According to the present invention, a reinforcing fiber is laminated on the surface of a cylindrical mold, a resin diffusion medium made of a metal net is disposed on the reinforcing fiber, and the whole is covered with a film. By making the inside of the film a pressure lower than the atmospheric pressure, the resin is injected into the reinforcing fibers by utilizing the pressure difference, and the method of manufacturing the FRP cylinder in which the resin is impregnated, so that the resin diffuses evenly into the reinforcing fibers. Thus, a wrinkle-free FRP cylinder can be manufactured.

[Brief description of the drawings]

FIG. 1 is a cross-sectional view for explaining a production method of the present invention at a stage where a reinforcing fiber is laminated on a cylindrical mold and a resin diffusion medium is disposed thereon.

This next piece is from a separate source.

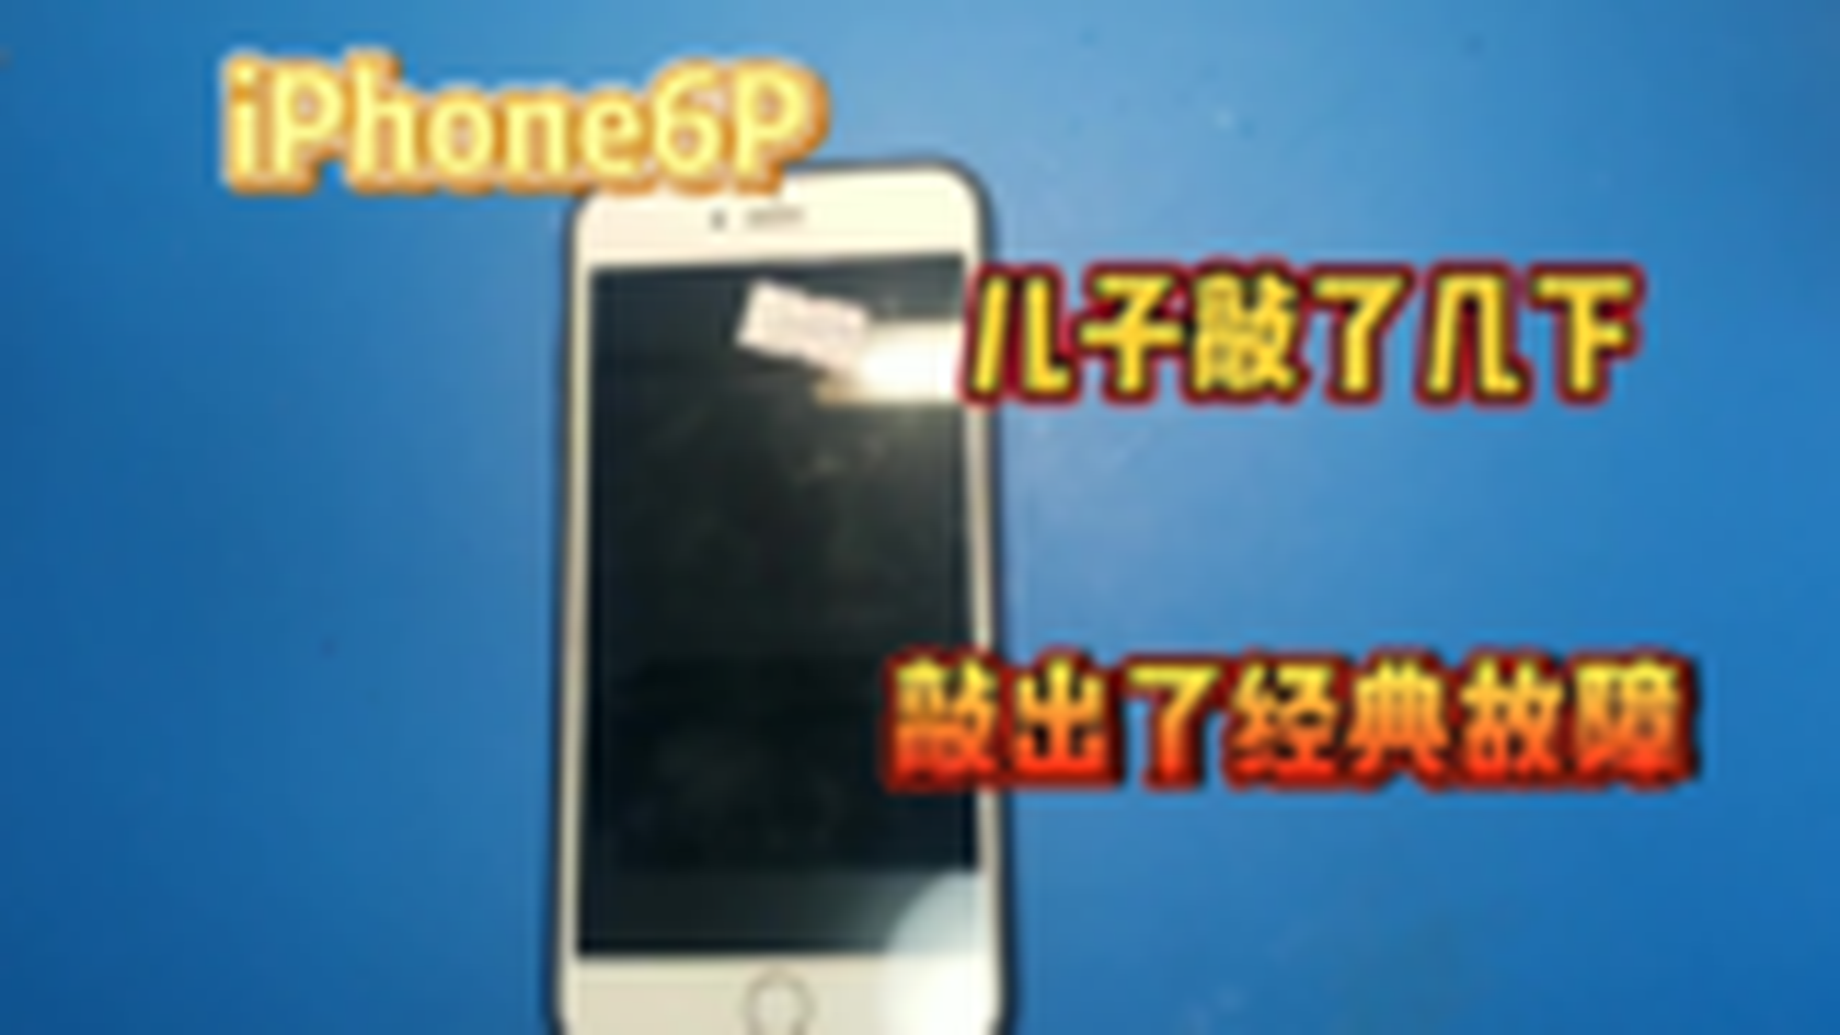 iPhone6P小孩敲了几下,敲出了经典故障,屏幕闪白条后触摸不灵,此故障现在越修越少了!

FIG. 2 is a cross-sectional view for explaining a manufacturing method of the present invention at a stage where a resin injection port, a vacuum suction port, and a film are arranged in FIG.

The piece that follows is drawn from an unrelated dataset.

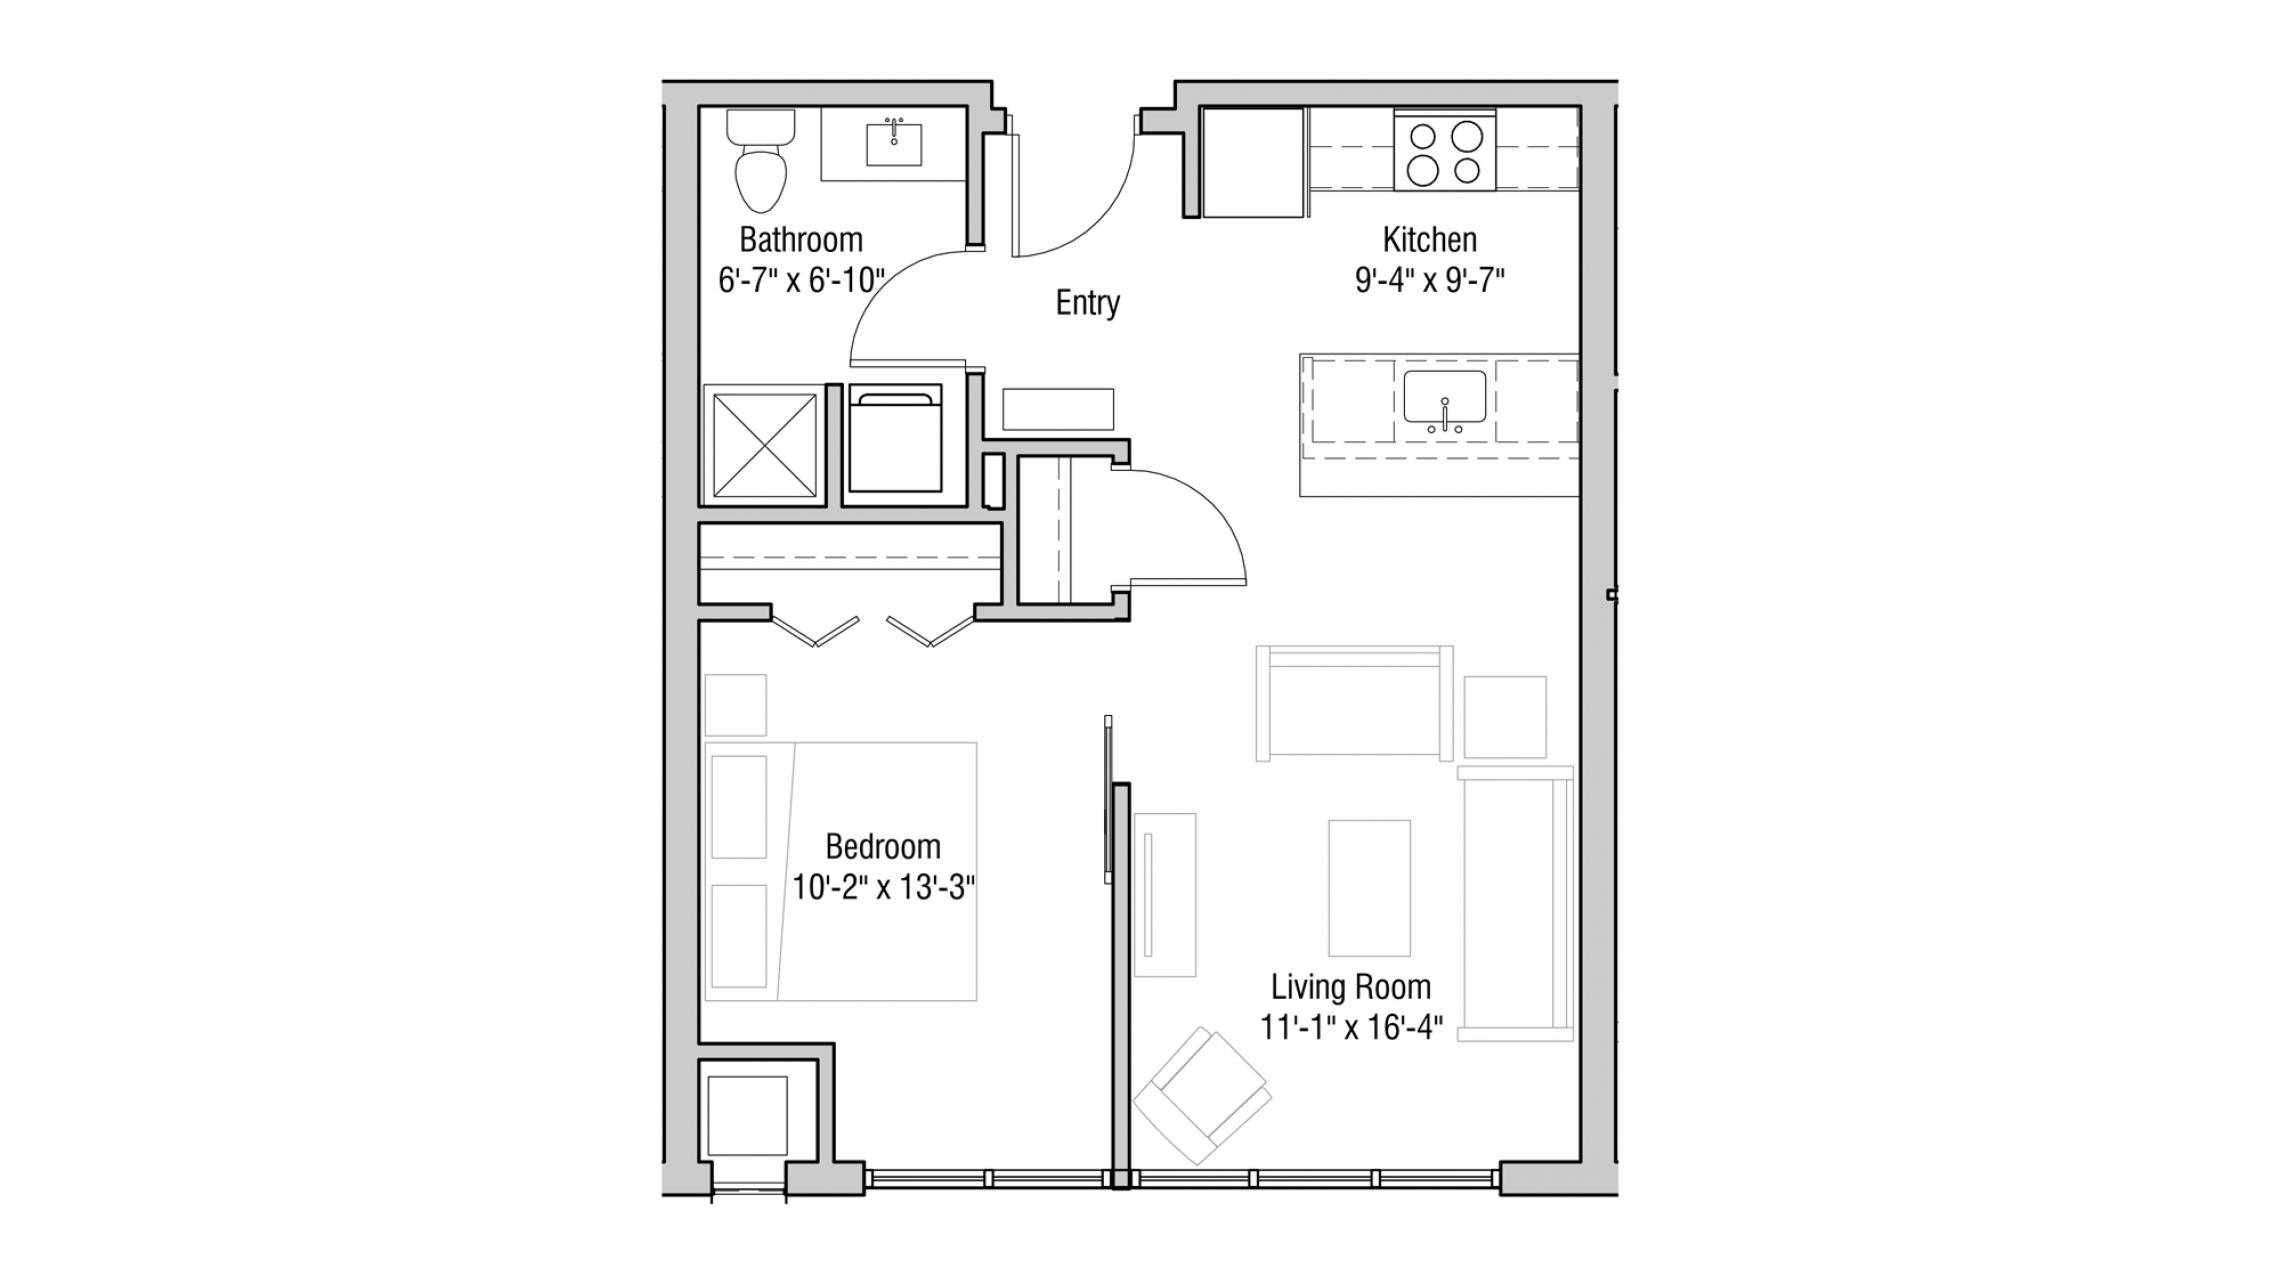 ULI Quarter Row 209 - One Bedroom, One Bathroom

FIG. 3 is a perspective view of the molding method of FIG. 2;

[Explanation of symbols]

 DESCRIPTION OF SYMBOLS 1 ... Mold 2 ... Reinforcing fiber layer 3 ... Metal net (resin diffusion medium) 4 ... Resin injection port 5 ... Vacuum suction port 6 ... Film

──────────────────────────────────────────────────続 き Continued on the front page (51) Int.Cl. ⁷ Identification symbol FI theme coat ゛ (Reference) B32B 27/04 B29K 105: 08 // B29K 101: 10 105: 22 105: 08 B29L 23:00 105: 22 B29C 67/14 BB29L 23:00 LF term (reference) 4F100 AB01B AD11A AK01A AK01B AK01C AK21 AK41C AK48C BA02 BA03 BA07 BA10A BA10B DA11 DG01B DG07B DG11A DG11C EJ13 EJ02E DH12B DH02A DH12B AA24 AA29 AA36 AC02 AC03 AD03 AD12 AD15 AD16 AD20 AD35 AG03 AG08 AH59 AM28 AM32 HA02 HA06 HA14 HA23 HA33 HA37 HA38 HA44 HA47 HB02 HB12 HC13 HC14 HC17 HF01 HF24 HF30 HK23 HL02 HM06 HT08 HT14 HT22

Claims (8)

[Claims] Claims: 1. A reinforcing fiber is laminated on the surface of a cylindrical mold, a resin diffusion medium made of a metal net is disposed on the reinforcing fiber, and then the whole is covered with a film.
A method for producing an FRP cylinder in which a resin is injected into and impregnated into the reinforcing fiber by making the inside of the film a pressure lower than the atmospheric pressure and utilizing the pressure difference. 2. The metal net has a wire diameter of 0.5.
2. The FRP according to claim 1, wherein the mesh is not less than 2 mm and not more than 2 mm, and the mesh (mesh size) of the net is not more than 10 mm.
A method of manufacturing a cylinder. 3. The method for producing an FRP cylinder according to claim 1, wherein a transparent film is used. 4. The method for producing a FRP cylinder according to claim 1, wherein a thermosetting resin is used as the matrix resin. 5. The method for producing an FRP cylinder according to claim 1, wherein the diameter of the FRP cylinder is 500 mm or more. 6. A carbon fiber as the reinforcing fiber.
6. The method for producing an FRP cylinder according to any one of items 1 to 5. 7. The method for producing an FRP cylinder according to claim 1, wherein a polyester or nylon textile is laid between the reinforcing fiber and the metal net. 8. The pressure lower than the atmospheric pressure is 0.6 to
The method for producing an FRP cylinder according to any one of claims 1 to 7, wherein a pressure of rr or less is used.